Data:

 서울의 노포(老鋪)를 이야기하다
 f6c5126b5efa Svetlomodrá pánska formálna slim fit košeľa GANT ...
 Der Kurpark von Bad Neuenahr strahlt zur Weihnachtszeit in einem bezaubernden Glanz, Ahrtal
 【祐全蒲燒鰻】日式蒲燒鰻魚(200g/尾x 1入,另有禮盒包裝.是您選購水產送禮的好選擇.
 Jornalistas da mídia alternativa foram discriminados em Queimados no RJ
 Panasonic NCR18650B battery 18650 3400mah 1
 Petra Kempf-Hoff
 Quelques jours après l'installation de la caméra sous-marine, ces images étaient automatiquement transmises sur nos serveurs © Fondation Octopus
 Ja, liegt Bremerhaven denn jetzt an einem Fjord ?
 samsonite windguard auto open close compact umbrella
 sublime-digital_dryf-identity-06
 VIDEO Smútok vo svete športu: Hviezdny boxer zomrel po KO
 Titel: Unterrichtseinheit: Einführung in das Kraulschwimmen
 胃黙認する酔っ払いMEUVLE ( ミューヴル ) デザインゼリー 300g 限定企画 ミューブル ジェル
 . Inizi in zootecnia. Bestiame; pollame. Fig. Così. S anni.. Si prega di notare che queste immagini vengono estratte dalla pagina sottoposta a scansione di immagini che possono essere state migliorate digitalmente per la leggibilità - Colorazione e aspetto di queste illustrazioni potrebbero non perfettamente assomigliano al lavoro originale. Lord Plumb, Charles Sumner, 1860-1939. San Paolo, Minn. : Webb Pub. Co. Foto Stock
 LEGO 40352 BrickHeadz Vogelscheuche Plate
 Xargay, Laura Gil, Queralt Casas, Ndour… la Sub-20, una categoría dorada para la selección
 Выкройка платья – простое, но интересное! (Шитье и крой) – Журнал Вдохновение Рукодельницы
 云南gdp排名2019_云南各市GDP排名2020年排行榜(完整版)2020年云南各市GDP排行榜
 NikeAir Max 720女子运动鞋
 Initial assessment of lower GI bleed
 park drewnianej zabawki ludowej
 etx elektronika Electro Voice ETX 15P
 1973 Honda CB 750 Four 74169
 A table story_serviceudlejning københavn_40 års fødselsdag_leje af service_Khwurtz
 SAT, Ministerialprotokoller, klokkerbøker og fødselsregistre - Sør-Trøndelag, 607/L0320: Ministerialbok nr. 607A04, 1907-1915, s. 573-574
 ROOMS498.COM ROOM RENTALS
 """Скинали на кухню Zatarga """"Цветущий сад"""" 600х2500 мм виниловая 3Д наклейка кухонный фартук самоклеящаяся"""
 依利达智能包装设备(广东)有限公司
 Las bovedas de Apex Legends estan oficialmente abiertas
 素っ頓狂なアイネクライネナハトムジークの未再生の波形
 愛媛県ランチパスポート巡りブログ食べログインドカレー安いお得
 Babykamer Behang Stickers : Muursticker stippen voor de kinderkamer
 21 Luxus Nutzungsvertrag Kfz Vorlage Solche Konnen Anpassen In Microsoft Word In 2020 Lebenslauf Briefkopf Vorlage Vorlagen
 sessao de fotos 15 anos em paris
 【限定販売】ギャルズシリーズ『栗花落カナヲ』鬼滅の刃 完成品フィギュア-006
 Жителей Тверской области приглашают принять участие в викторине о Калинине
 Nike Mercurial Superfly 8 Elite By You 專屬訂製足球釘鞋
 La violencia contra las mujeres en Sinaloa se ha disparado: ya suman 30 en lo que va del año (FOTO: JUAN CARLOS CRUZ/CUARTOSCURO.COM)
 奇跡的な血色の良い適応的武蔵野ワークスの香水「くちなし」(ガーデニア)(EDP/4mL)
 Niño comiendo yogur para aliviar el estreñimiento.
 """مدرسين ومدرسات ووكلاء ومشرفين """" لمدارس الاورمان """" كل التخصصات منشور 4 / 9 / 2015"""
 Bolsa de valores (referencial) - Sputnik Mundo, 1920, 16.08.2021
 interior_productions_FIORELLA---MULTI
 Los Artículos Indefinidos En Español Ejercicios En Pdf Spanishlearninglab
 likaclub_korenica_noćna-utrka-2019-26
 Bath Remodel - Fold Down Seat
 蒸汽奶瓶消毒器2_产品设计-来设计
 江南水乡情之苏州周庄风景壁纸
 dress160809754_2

Try it: At the first line of the material above, start reproducing each line exactly, and end with the line that holds "依利达智能包装设备(广东)有限公司", adding nothing.

Finished task:
 서울의 노포(老鋪)를 이야기하다
 f6c5126b5efa Svetlomodrá pánska formálna slim fit košeľa GANT ...
 Der Kurpark von Bad Neuenahr strahlt zur Weihnachtszeit in einem bezaubernden Glanz, Ahrtal
 【祐全蒲燒鰻】日式蒲燒鰻魚(200g/尾x 1入,另有禮盒包裝.是您選購水產送禮的好選擇.
 Jornalistas da mídia alternativa foram discriminados em Queimados no RJ
 Panasonic NCR18650B battery 18650 3400mah 1
 Petra Kempf-Hoff
 Quelques jours après l'installation de la caméra sous-marine, ces images étaient automatiquement transmises sur nos serveurs © Fondation Octopus
 Ja, liegt Bremerhaven denn jetzt an einem Fjord ?
 samsonite windguard auto open close compact umbrella
 sublime-digital_dryf-identity-06
 VIDEO Smútok vo svete športu: Hviezdny boxer zomrel po KO
 Titel: Unterrichtseinheit: Einführung in das Kraulschwimmen
 胃黙認する酔っ払いMEUVLE ( ミューヴル ) デザインゼリー 300g 限定企画 ミューブル ジェル
 . Inizi in zootecnia. Bestiame; pollame. Fig. Così. S anni.. Si prega di notare che queste immagini vengono estratte dalla pagina sottoposta a scansione di immagini che possono essere state migliorate digitalmente per la leggibilità - Colorazione e aspetto di queste illustrazioni potrebbero non perfettamente assomigliano al lavoro originale. Lord Plumb, Charles Sumner, 1860-1939. San Paolo, Minn. : Webb Pub. Co. Foto Stock
 LEGO 40352 BrickHeadz Vogelscheuche Plate
 Xargay, Laura Gil, Queralt Casas, Ndour… la Sub-20, una categoría dorada para la selección
 Выкройка платья – простое, но интересное! (Шитье и крой) – Журнал Вдохновение Рукодельницы
 云南gdp排名2019_云南各市GDP排名2020年排行榜(完整版)2020年云南各市GDP排行榜
 NikeAir Max 720女子运动鞋
 Initial assessment of lower GI bleed
 park drewnianej zabawki ludowej
 etx elektronika Electro Voice ETX 15P
 1973 Honda CB 750 Four 74169
 A table story_serviceudlejning københavn_40 års fødselsdag_leje af service_Khwurtz
 SAT, Ministerialprotokoller, klokkerbøker og fødselsregistre - Sør-Trøndelag, 607/L0320: Ministerialbok nr. 607A04, 1907-1915, s. 573-574
 ROOMS498.COM ROOM RENTALS
 """Скинали на кухню Zatarga """"Цветущий сад"""" 600х2500 мм виниловая 3Д наклейка кухонный фартук самоклеящаяся"""
 依利达智能包装设备(广东)有限公司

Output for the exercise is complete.